Le piroghe hanno un’autonomia di circa ottanta miglia, quindi si ritiene generalmente, che si possa essere al sicuro ad almeno quaranta miglia dalla costa, ma recentemente una barca a vela, il “Tifon” è stata assaltata nella rotta fra Trinidad e Grenada a poco più di quaranta miglia dalla costa.
Non tutti gli attacchi sono fortunatamente sanguinosi, gli equipaggi delle barche che sono assaltate vicino all’isola di Margherita, generalmente non subiscono violenza, se si esclude l’essere legati and unable to see with tape over his eyes, the pirates simply steal everything, absolutely everything, including clothing and food supplies!

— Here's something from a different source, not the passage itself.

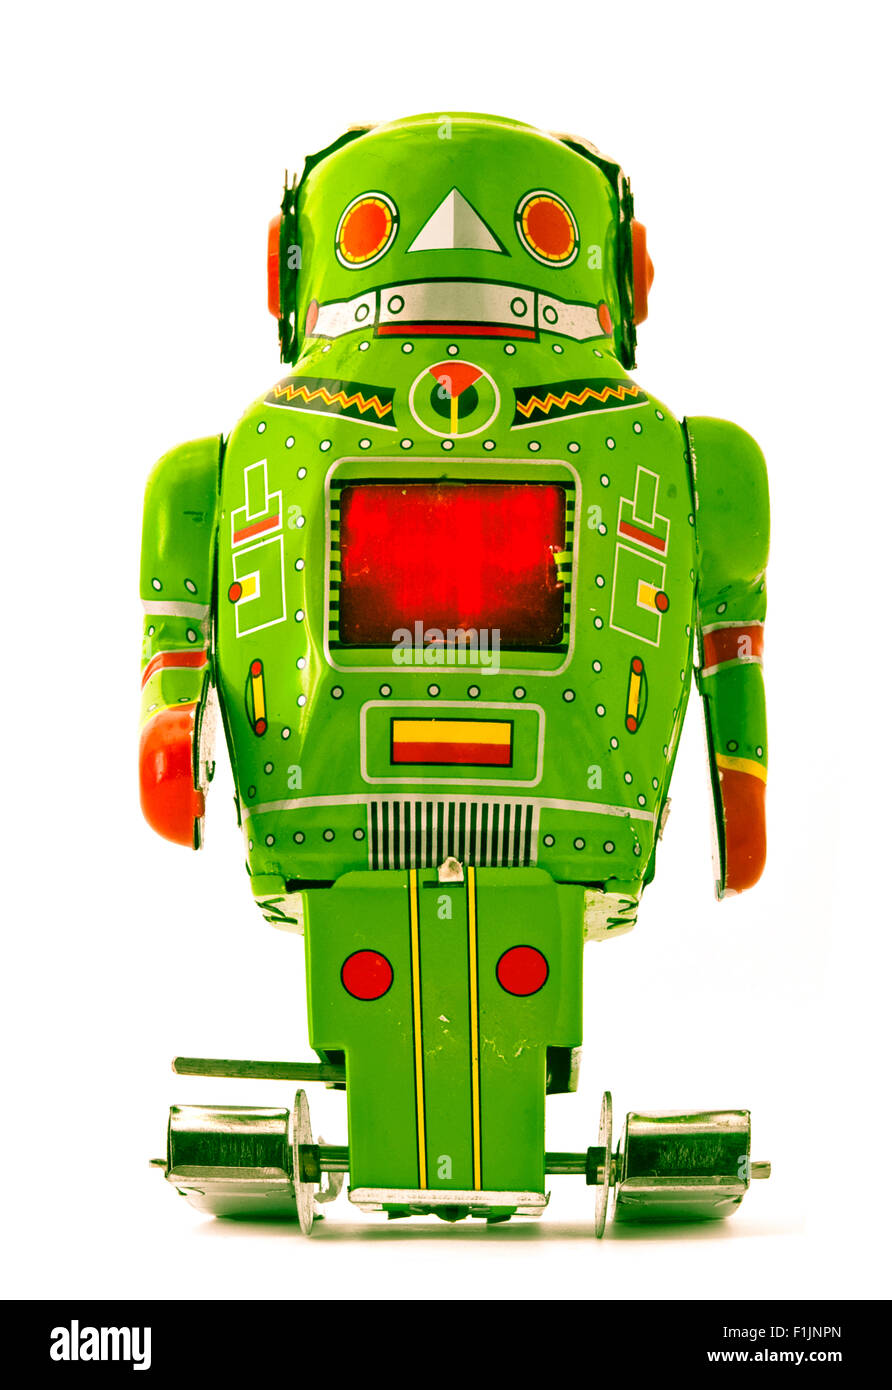 retro green toy - Alamy

It seems that these attacks are carried on a pole to blow Testigos (considered safe) warns that when a boat sails interesting.
The attack on the "Spirit of Cologne" I find it particularly cruel, not only for killing the skipper, but also for leaving a woman alone on a boat with no radio or motor, drifting , desperate and shocked with her partner next to corpse!